Sometimes there is a reason to contract the services of wise, gray-haired older engineers and thier consulting firms. Not all of their judgement, experience and common sense can be conveyed in a few paragraphs on an "engineering hints" bulletin board....

The specification, design, installation and operation requirements of large heat exchangers involves financial risk for both you and your organization

Is this your first design effort for a large heat exchanger ?

-MJC

 
Go to this site and make some contacts.


or go to this site;


These guys have experience with Roberts type calandria as well as fallilng film tubular and plate types and PHE plate types.

The falling film plates use the direction change from down to upward flow for exit at the top of the vessel for separation of the large moisture droplets. Chevron vanes do the final mist elimination.

Google "GEA Ecoflex" to find a site where you can see how they do it.

The PHE plate types have to have a separator vessel after similar to your application. They don't want carryover because it contains sugar solids which is product loss as well as a bloody mess.

You might find some information on the Ecoflex site or if not, google "Alfa Laval".

I used to design evaporators that used a similar evaporation stage as yours. We aimed our flash device down so that the vapor had to do almost a 180 degree turn to pass through the mesh ME's at the top of the chamber.

In your case, since you can't use mesh, you will have to use chevron types and maybe several stages if you want to get all the moisture out. Pay attention to the velocities and the face loadings.

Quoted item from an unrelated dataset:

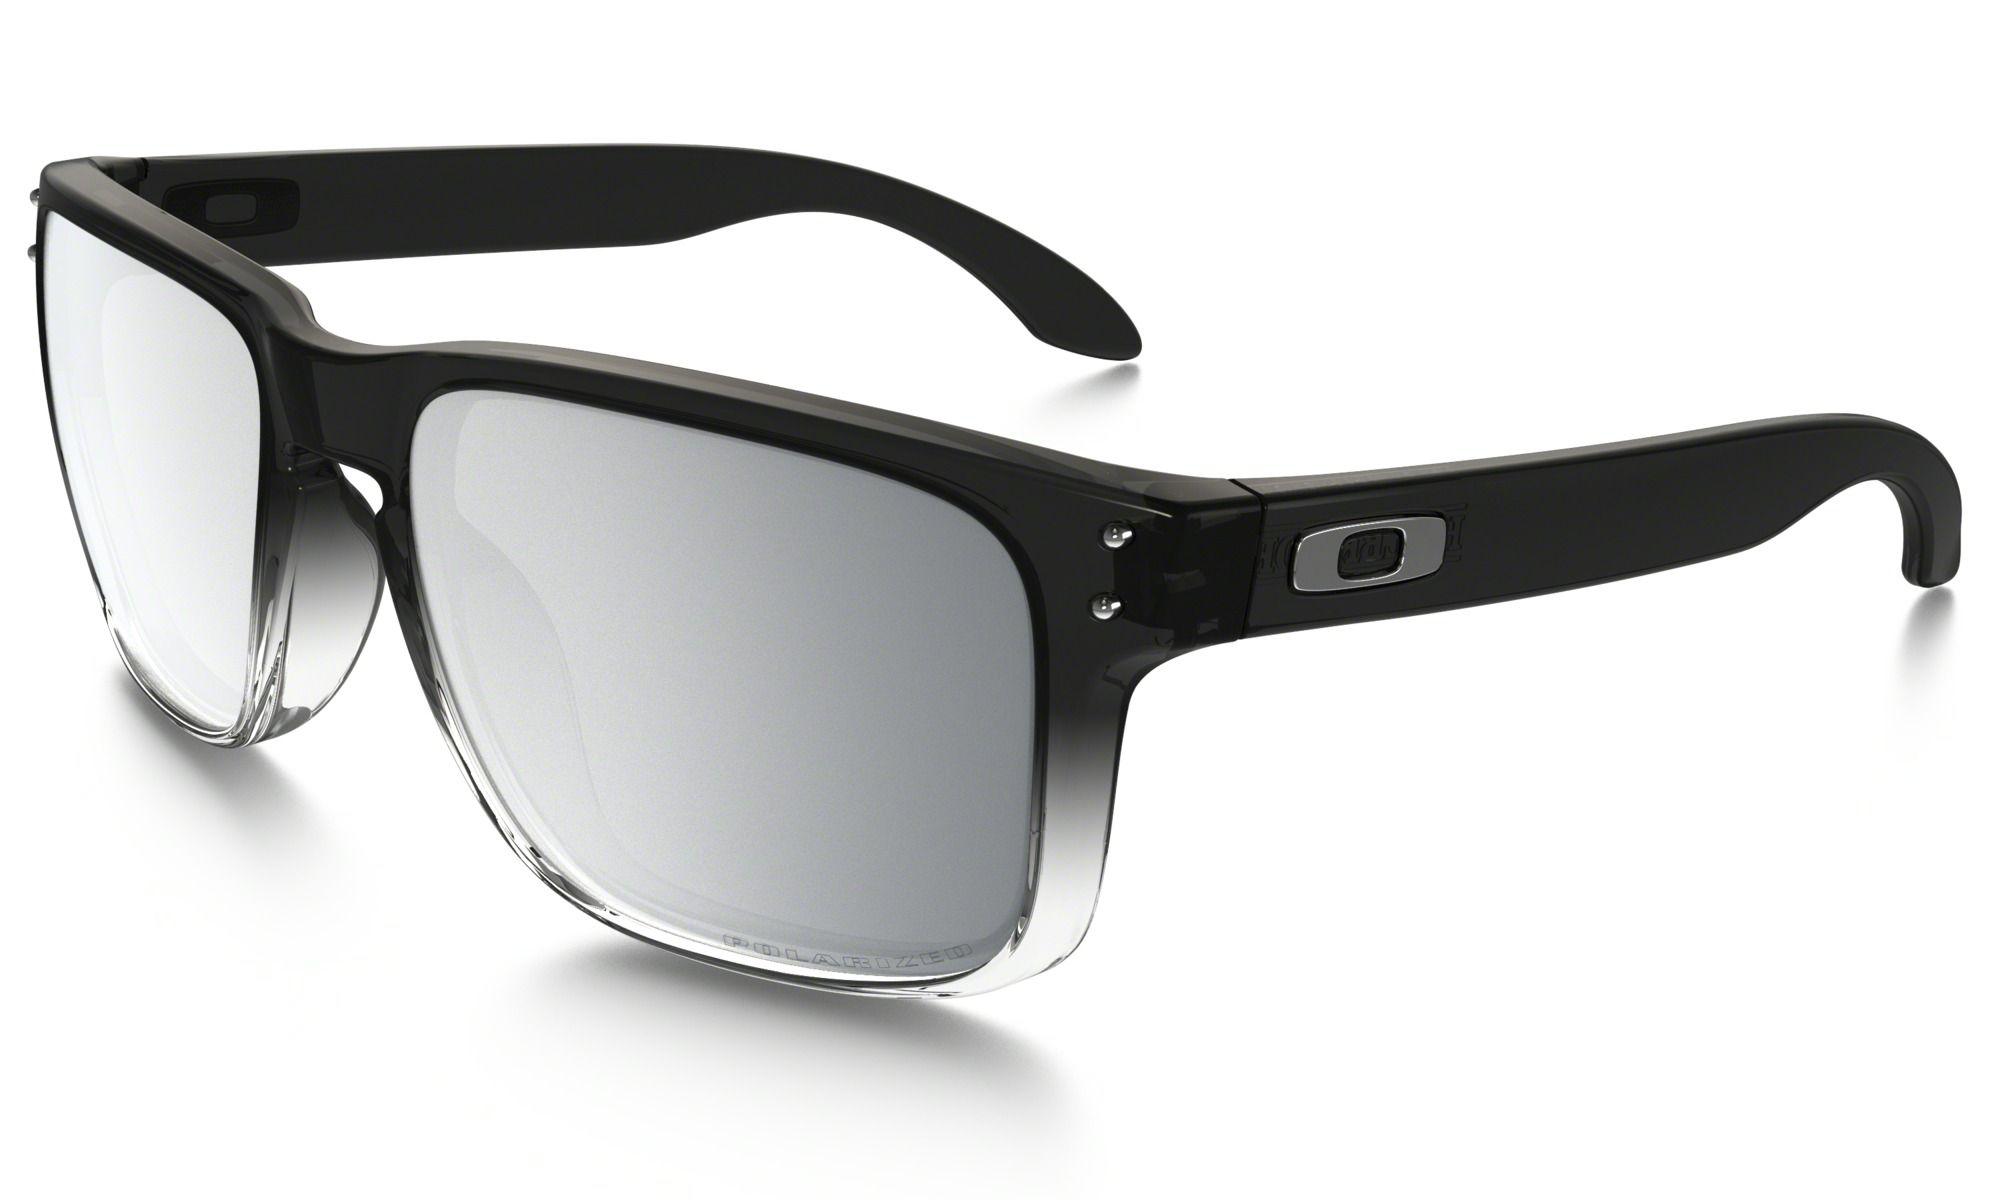 5c1e972e80 Las lentes PLUTONITE ® ofrecen una protección UV superior que filtra el  100% de todos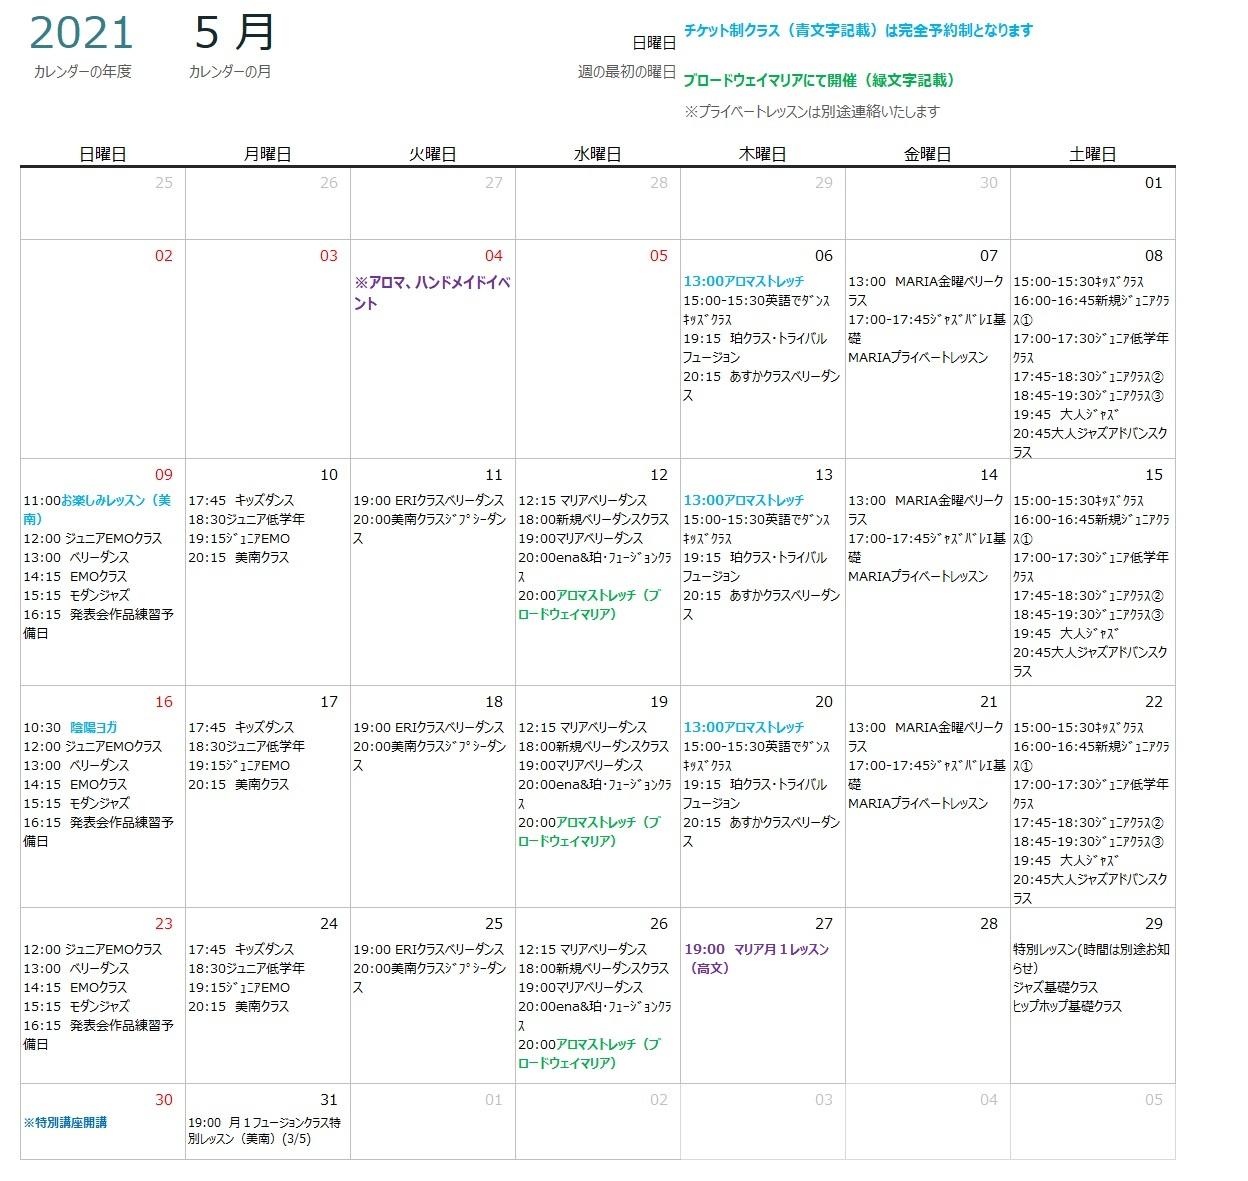 ブロードウェイ・マリア/マリアスタジオ(スタジオスケジュール)3月3日更新_c0201916_14341035.jpg

I've rambled a bit, but I have done what you want to do as have the guys that lurk on the sites that I gave.

rmw
 
Hm, thanks for those.
MJC. Actually I am a "wise, gray-haired older engineer" - well maybe not all that wise, as I've not come across this exact configuration before! I'm only looking for real experience hints.
RMW. I'll try the sources you suggested - I've not seen the sugar one before. I'm flushing more experience from past plants in this company now. They had a big improvement about 20 years ago when they swapped a straight radial entry to a sort of single pipe distributor which basically points downwards. I think we'll end up with the tangential inlet design - it's hard to see how it could be worse than any other, it's just that it's not what to me is a "normal" cyclone configuration due to the high liquid load.